Bereitschaft zu zahlen soll da sein

"Die Entwicklung stimmt die Branche optimistisch. Die Bereitschaft, für digitale Ausgaben zu bezahlen, ist da. Aber sie ist noch ausbaufähig", so Hans-Joachim Fuhrmann, Mitglied der BDZV-Geschäftsleitung. Der Branchenverband ist jedoch überzeugt, dass die Verbreitung von mobilen Zeitungsinhalten in den nächsten Jahren noch "enorm" zunehmen werde.

Der BDZV hat in seiner Studie aber erst einmal nur festgestellt, dass die Zahl der verfügbaren Apps gestiegen sei. Mehr als 60 Prozent von ihnen wurden demnach für das mobile Betriebssystem iOS entwickelt, also für iPhone oder iPad. Der Anteil der Android-Apps soll aber gestiegen sein, die absolute Zahl habe sich seit Sommer 2012 mehr als verdoppelt. In der Vergangenheit haben jedoch einige Studien gezeigt, dass die Nutzer von Android-App nicht bereit sind, für die App oder für ein damit verbundenes Abo zu zahlen.

Ein subventioniertes Tablet zum Abonnement

Die Verlage vermarkten vor allem Tablet-Apps in Kombipaketen zusammen mit der gedruckten Ausgabe oder mit einen subventioniertem Gerät. Zudem setzen die Verlage auf redaktionelle, aber nicht journalistische Angebote. Die Studie zählt über 70 Apps zu Themengebieten wie Fußball, Gesundheit, Kultur, Verkehr und Wandern.

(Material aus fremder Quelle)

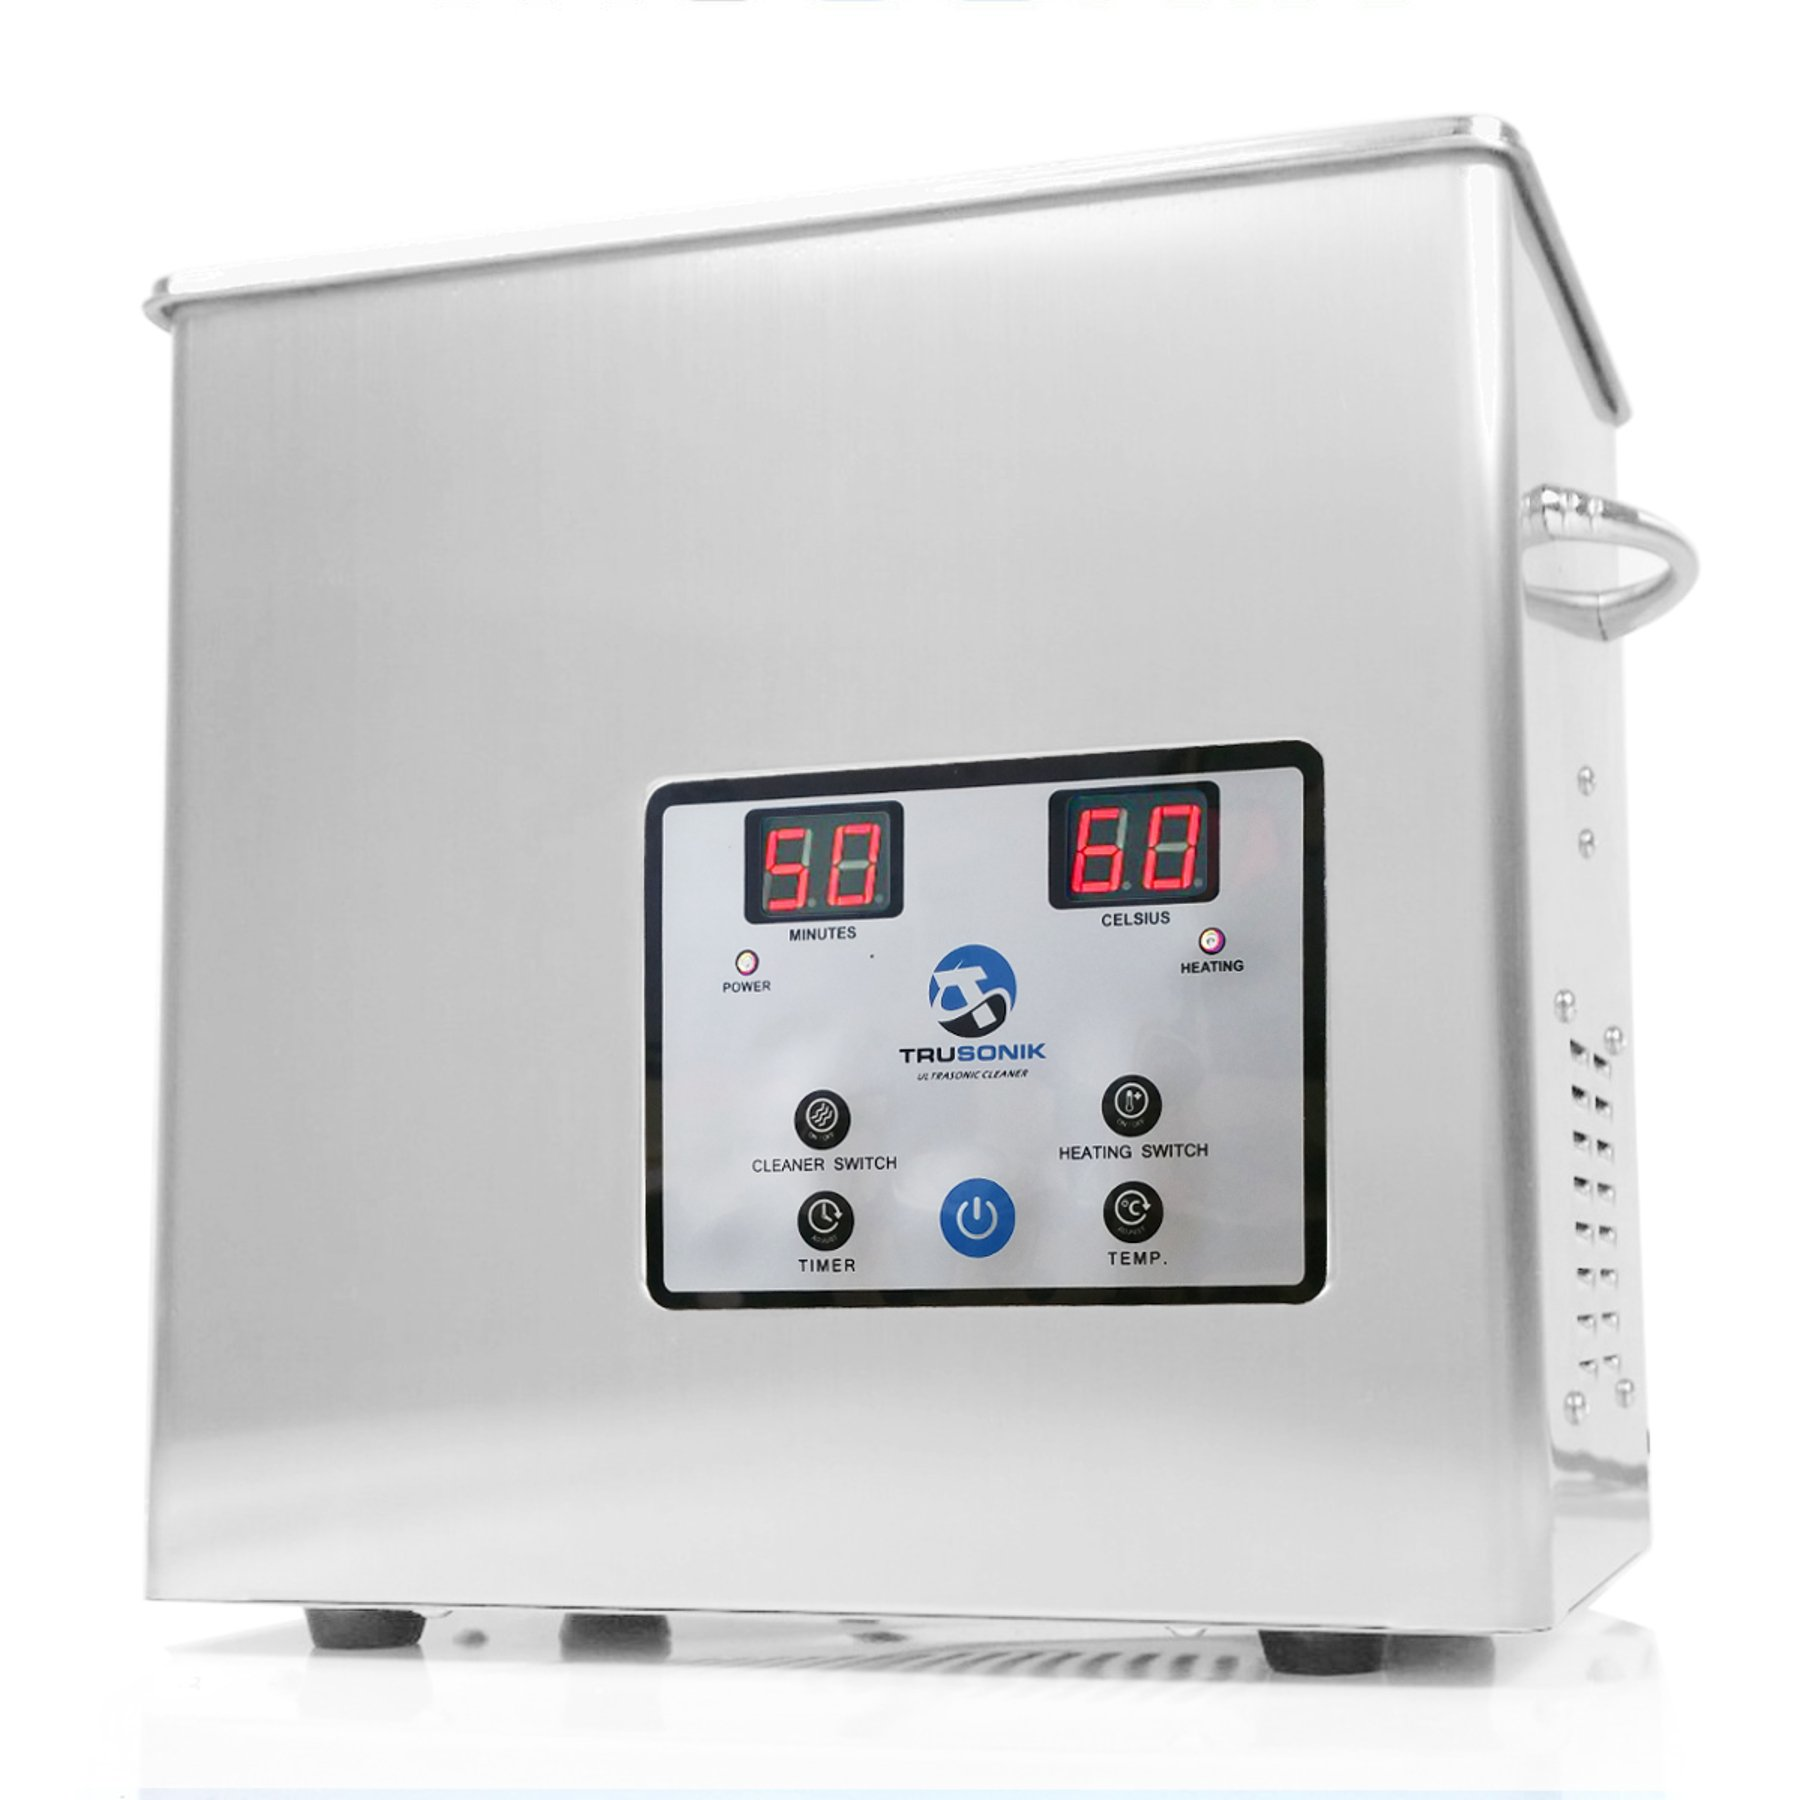 TruSonik 2.5L Digital Ultrasonic Cleaner With Heater   Industrial Stainless Steel Body, Tub, & Basket   Cleans Jewellery, Dental & Tattoo Equipment, Guns & Gun Parts, Car Parts & Carbs, & More by TruSonik

Erst im November 2012 hatte Mathias Döpfner, Chef des Verlages Axel Springer, Paid Content als "Schicksal der Verlage" bezeichnet und eine Umstellung der Angebote von "Welt" und "Bild" auf Bezahlinhalte angekündigt. Den Erfolg machte er aber davon abhängig, ob auch andere Verlage mitziehen werden. Axel Springer erwirtschaftet bereits 35 Prozent des Umsatzes mit dem Digitalgeschäft.